Telex Teletype Machine What It Is And What A Telex Operator Does


Fresh out of high school I started my first full-time job as a Telex Operator at Farmer’s Life Insurance Company on Mercer Island, in the beautiful state of Washington. The year was 1976 and at that time there were many jobs in this field.


What Is A Telex Teletype Machine

A telex or teletype machine is similar to a typewriter. It is a printer that is connected to a telegraph type machine that transmits data to another telex machine via telephone circuits using electrical signals. When you type your information on the keyboard it is typed onto a tape, which is coded. There is paper in the telex as well for you to keep a back up copy of what you are sending. Once you are finished typing your information you then dial the number on a rotary dialer. When the telex machine that you are transmitting to answers, you then press a button and send your tape through a tape reader. A confirmation of receipt along with a printed copy will be sent to the sending telex machine once the data has been received.

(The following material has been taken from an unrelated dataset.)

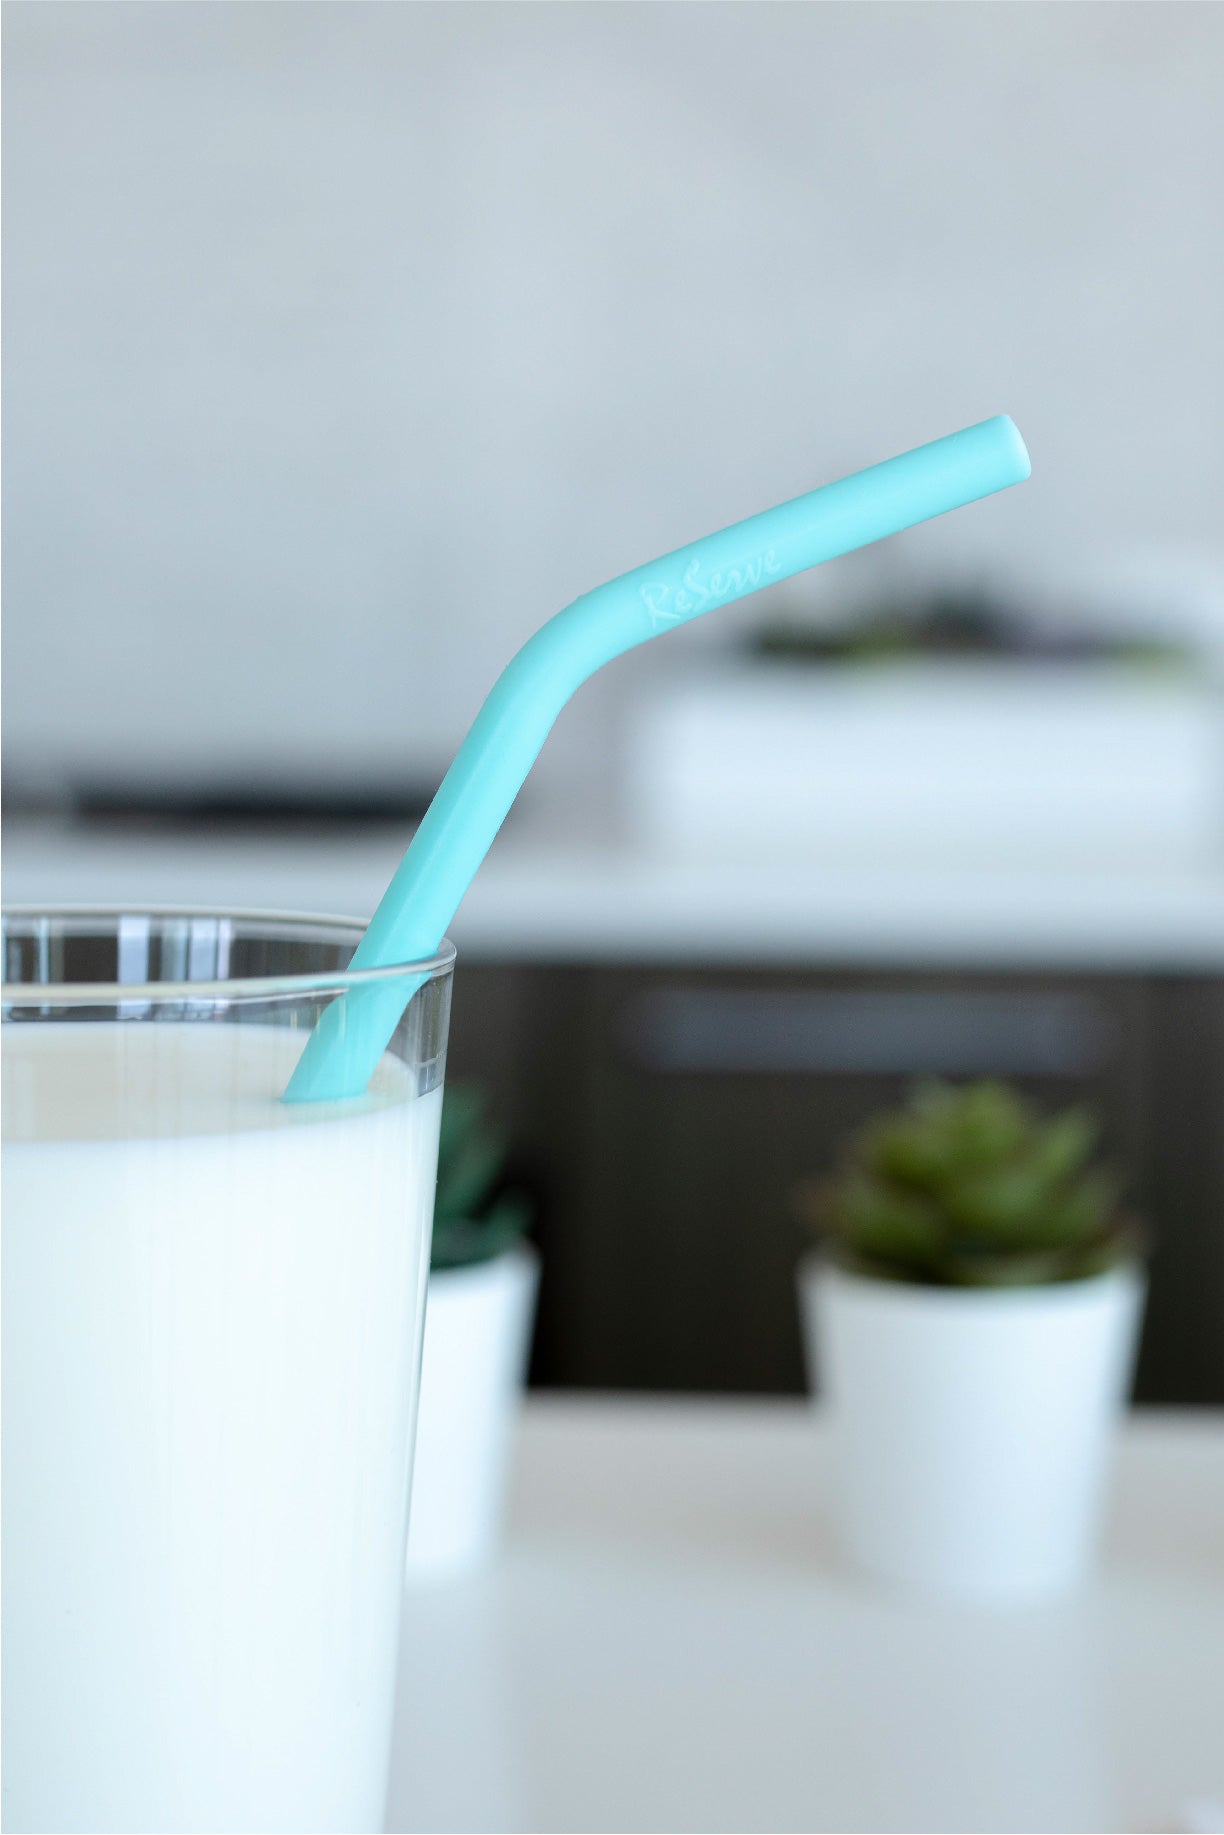 Blue Island Paradise Silicone Straw closed up in a glass of milk

Coded tape that reads Wikipedia
Coded tape that reads Wikipedia | Source

Using The Keyboard

Typing was done on manual keys that had to be pressed fairly hard in order to perforate the tape. If you happened to make a typo and caught the mistake right away you could correct it. Catching the mistake later meant that the entire document you were typing had to be retyped.


Many companies had the telex in an enclosed room, as telex machines were very noisy making it annoying for co-workers in and around the same area as you. The machine that I used was in a large room with just patricians. In my particular job I would get all my telexes that needed to be sent typed and ready throughout the day. The last two hours before I was to go home I would send all my telexes.

Mornings after sending the telexes I would first check the machine for all printed out confirmations. Each one was then torn off the machine and matched up to the coded tape that had been sent the previous night along with the original message that each department had given me to send. A photocopy was made to go into my files. All messages had to be proof read to make sure everything was correct before delivering the sent messages to each department.


Qualifications At That Time To Be A Telex Operator

  • Type at a minimum of 45 words per minute with minimal error
  • Be organized
  • Be able to handle stress well

All in all I found being a telex operator to be a pretty good first job in an office environment.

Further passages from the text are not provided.